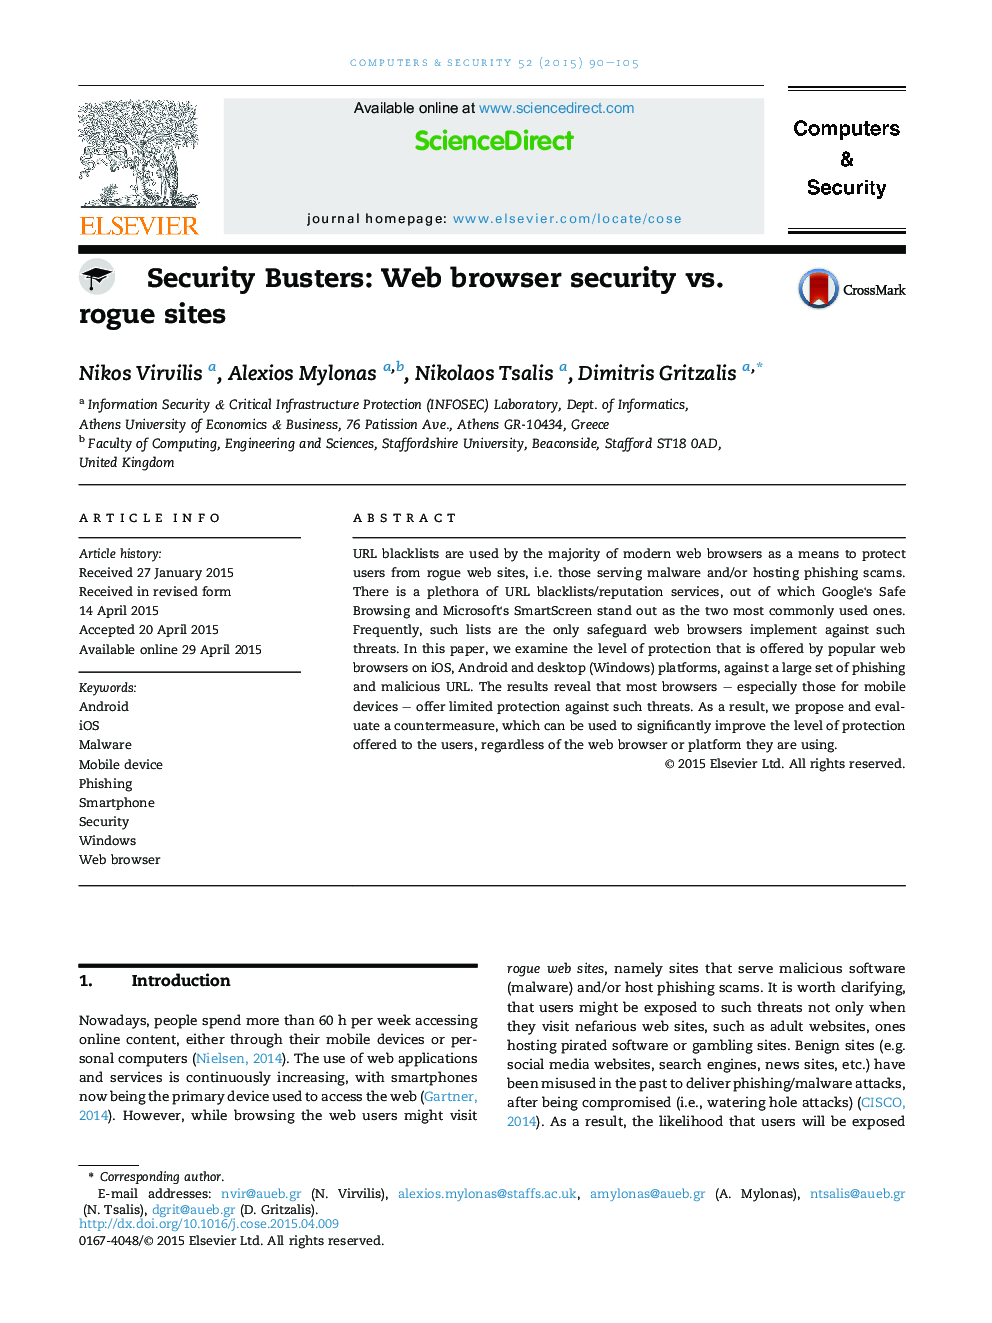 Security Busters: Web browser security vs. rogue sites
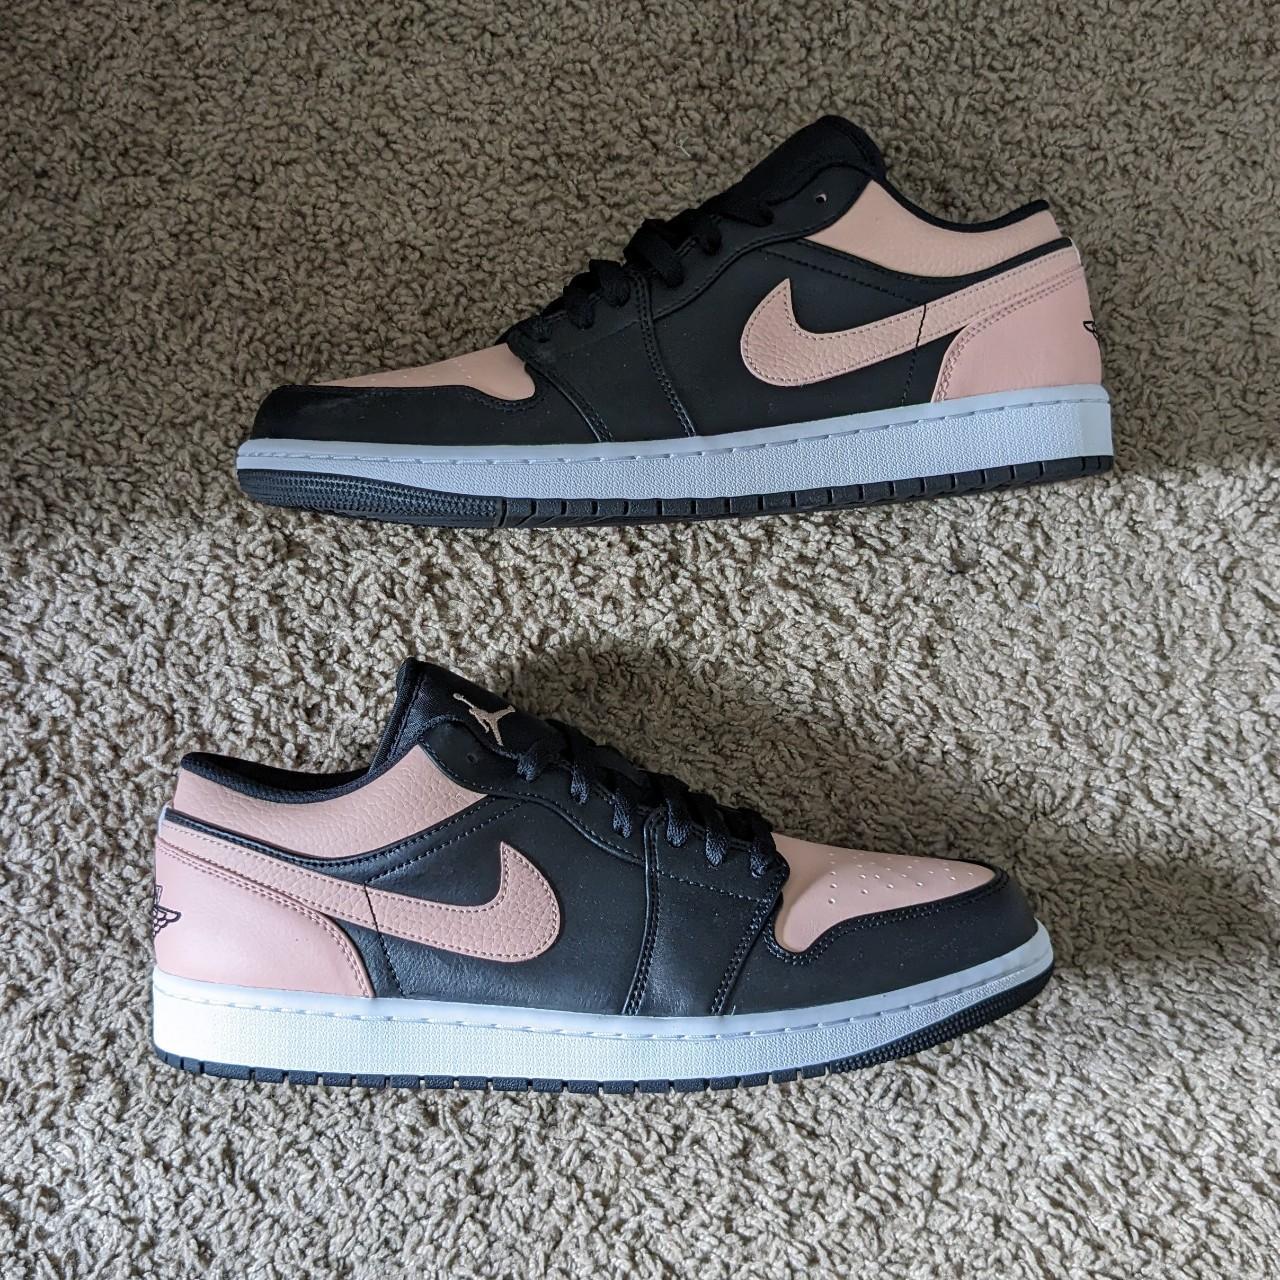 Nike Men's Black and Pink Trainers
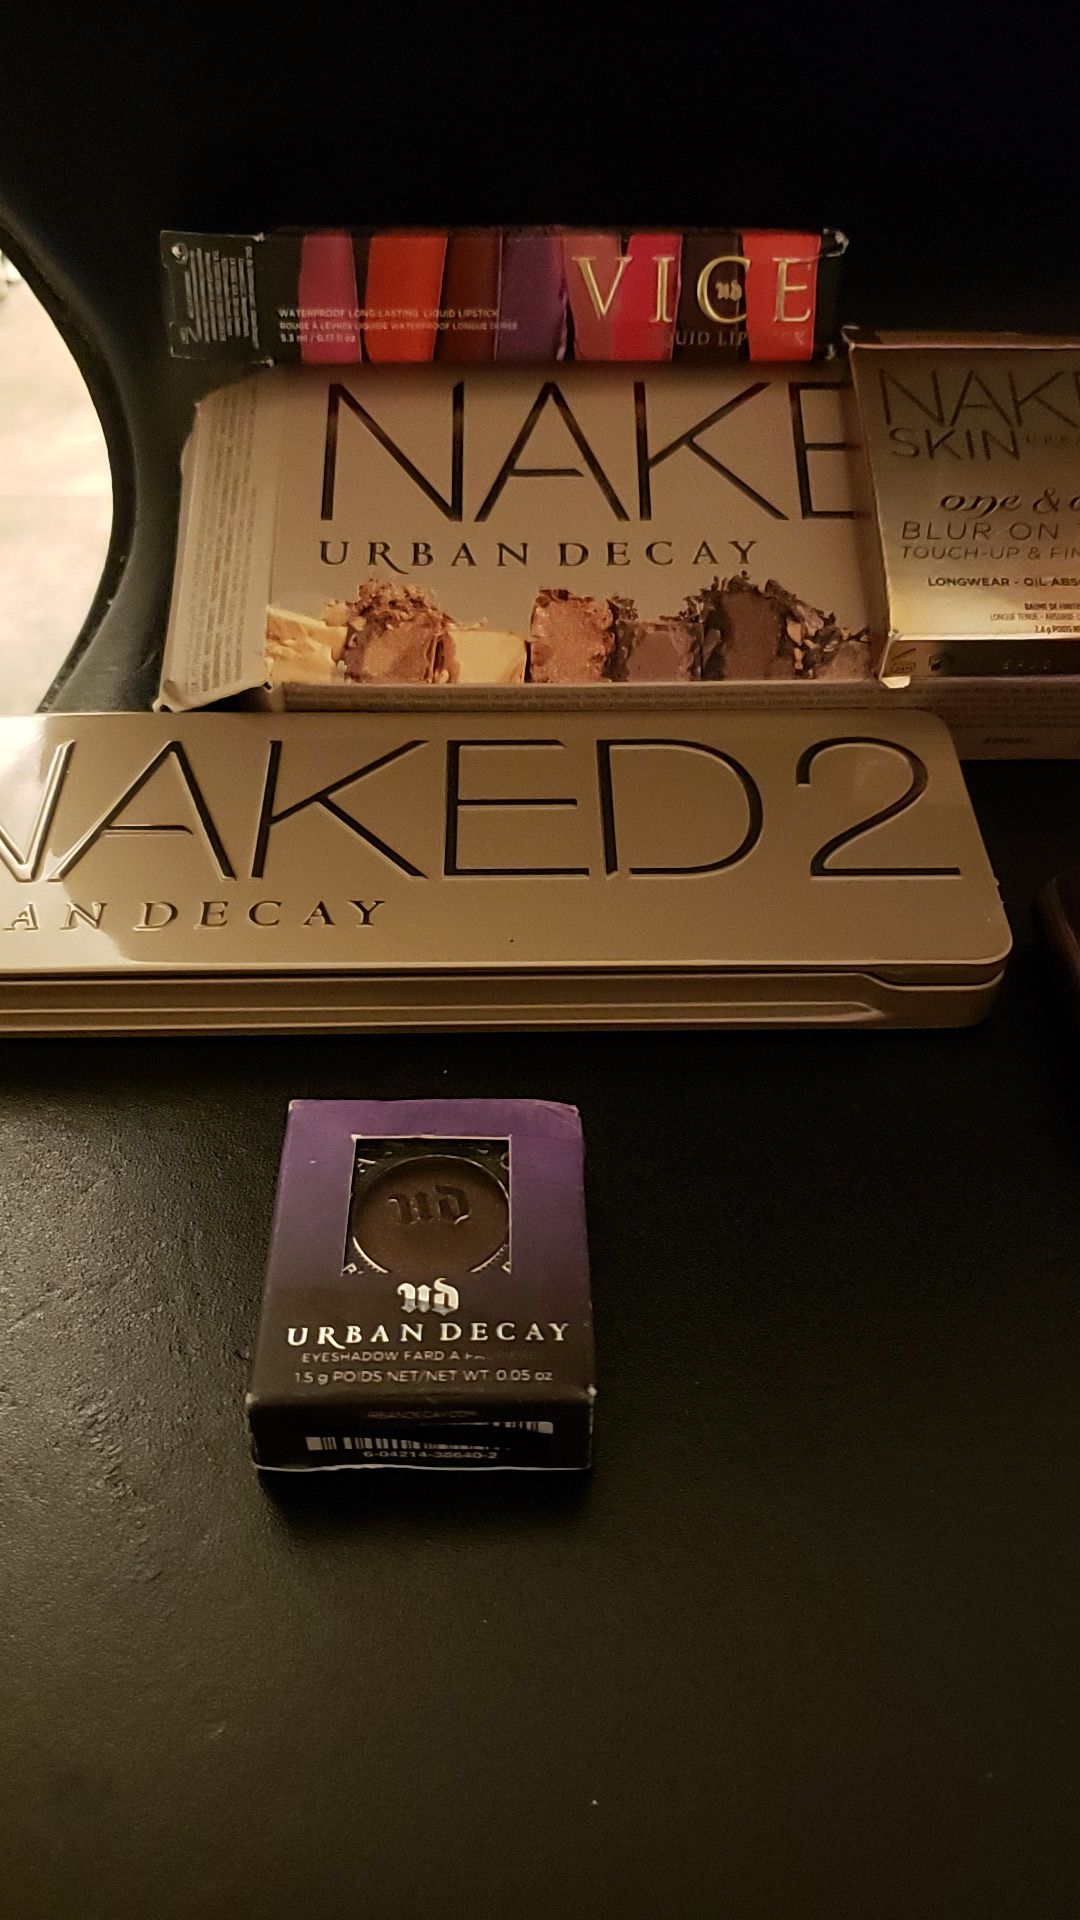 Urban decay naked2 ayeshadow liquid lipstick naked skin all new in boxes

────────────────────

Images are not wanted in the copy. Please print the material above exactly.

:: Problem solution ::
 Security Busters: Web browser security vs. rogue sites
 Nike Men's Black and Pink Trainers
 Urban decay naked2 ayeshadow liquid lipstick naked skin all new in boxes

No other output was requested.